If it is taught in the scripture, then it certainly is. So, is it taught there? Not in the least!  Hypergrace is a doctrine which cannot float in light of scripture.

It springs a leak in the Sermon on the Mount.

It takes on water in Romans 12.

It searches frantically for life jackets in Ephesians.

It gurgles the death throes of the drowning in the book of James.

It sinks to the bottom in the Letters to the Churches in Revelation.

[Not to mention how this, this and this crush it's sunken corpse into nothingness]

Hypergrace is for the lazy at heart and the blind of mind. It is for those lost in the childishness of sin--wanting their cake and to eat it too--rather than those surrendered in a child-like faith to following Christ. I've heard its proponents protest that they've never "felt closer" to God than when they've embraced this teaching. But the Gospel is never said to be efficacious through the auspices of what one feels, but only through faith in who Jesus is and what he's done.

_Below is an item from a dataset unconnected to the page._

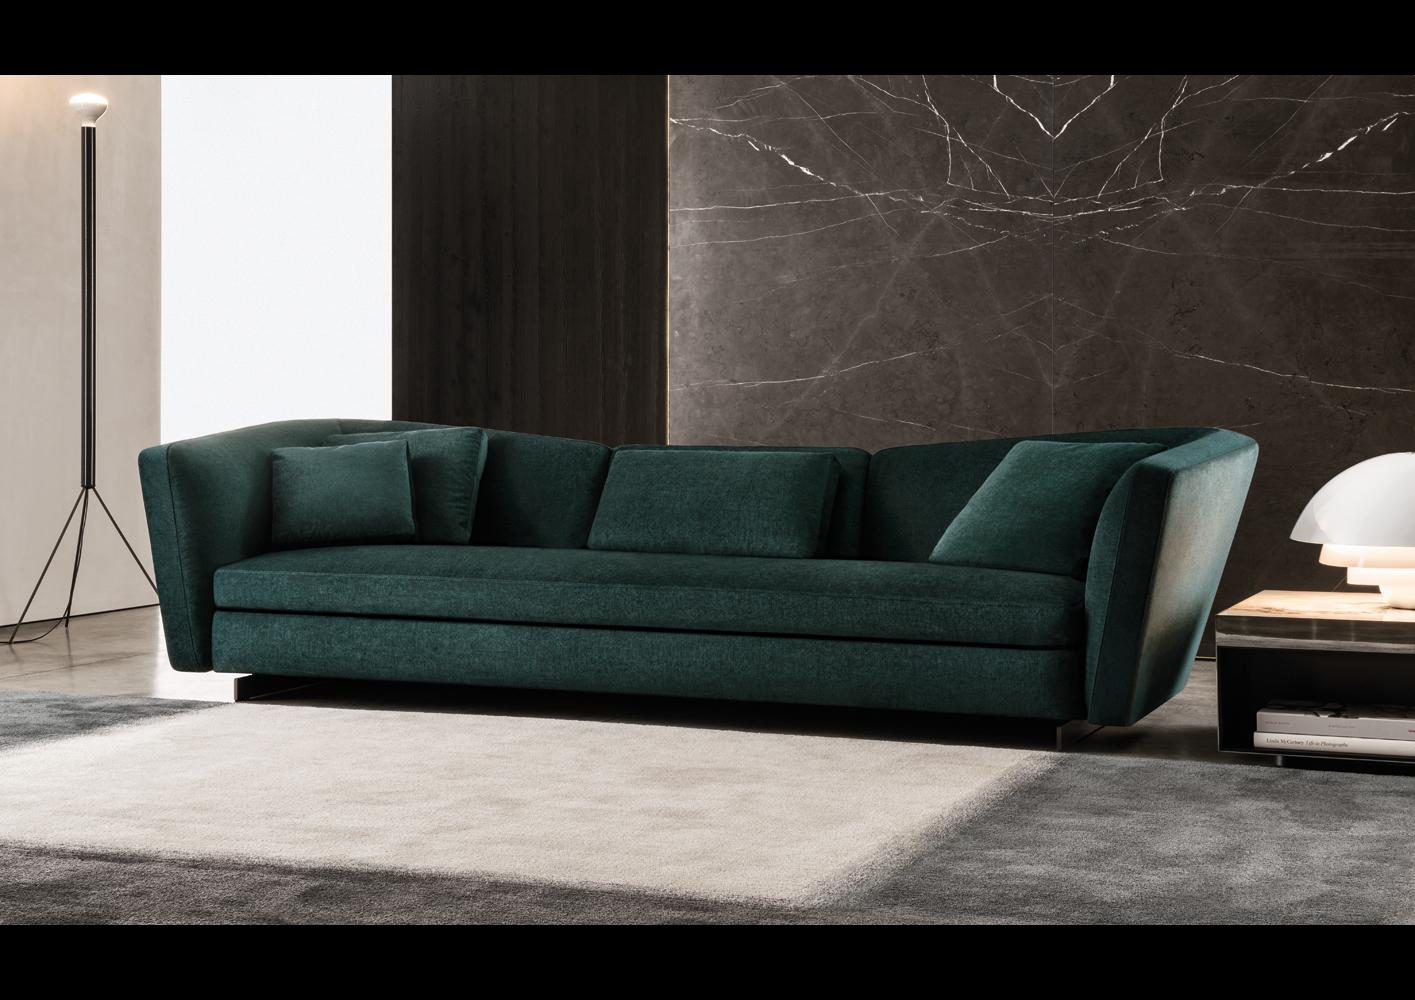 material and leather sofa serta upholstery regular sleeper seymour | designed by rodolfo dordoni, minotti ...

Grace describes the attitude of God's heart, a kindness there that breaks the sinner free from the bondage of death and releases him or her into the freedom of new life in Christ Jesus. This grace is never an excuse for sin, nor does it forgive sin as if it did not truly matter after all. Grace forgives sin through an expiating sacrifice of sinless blood that it moved God to provide. God's grace is more than sufficient to deliver the broken and dying sinner through a stumbling journey in life to eternity with him, but is never a substitute for following him as Lord.

If hypergrace actually represents the way God looks on man, and the way man should look on God, then I submit that there was actually no need for the cross and there is no present need for faith.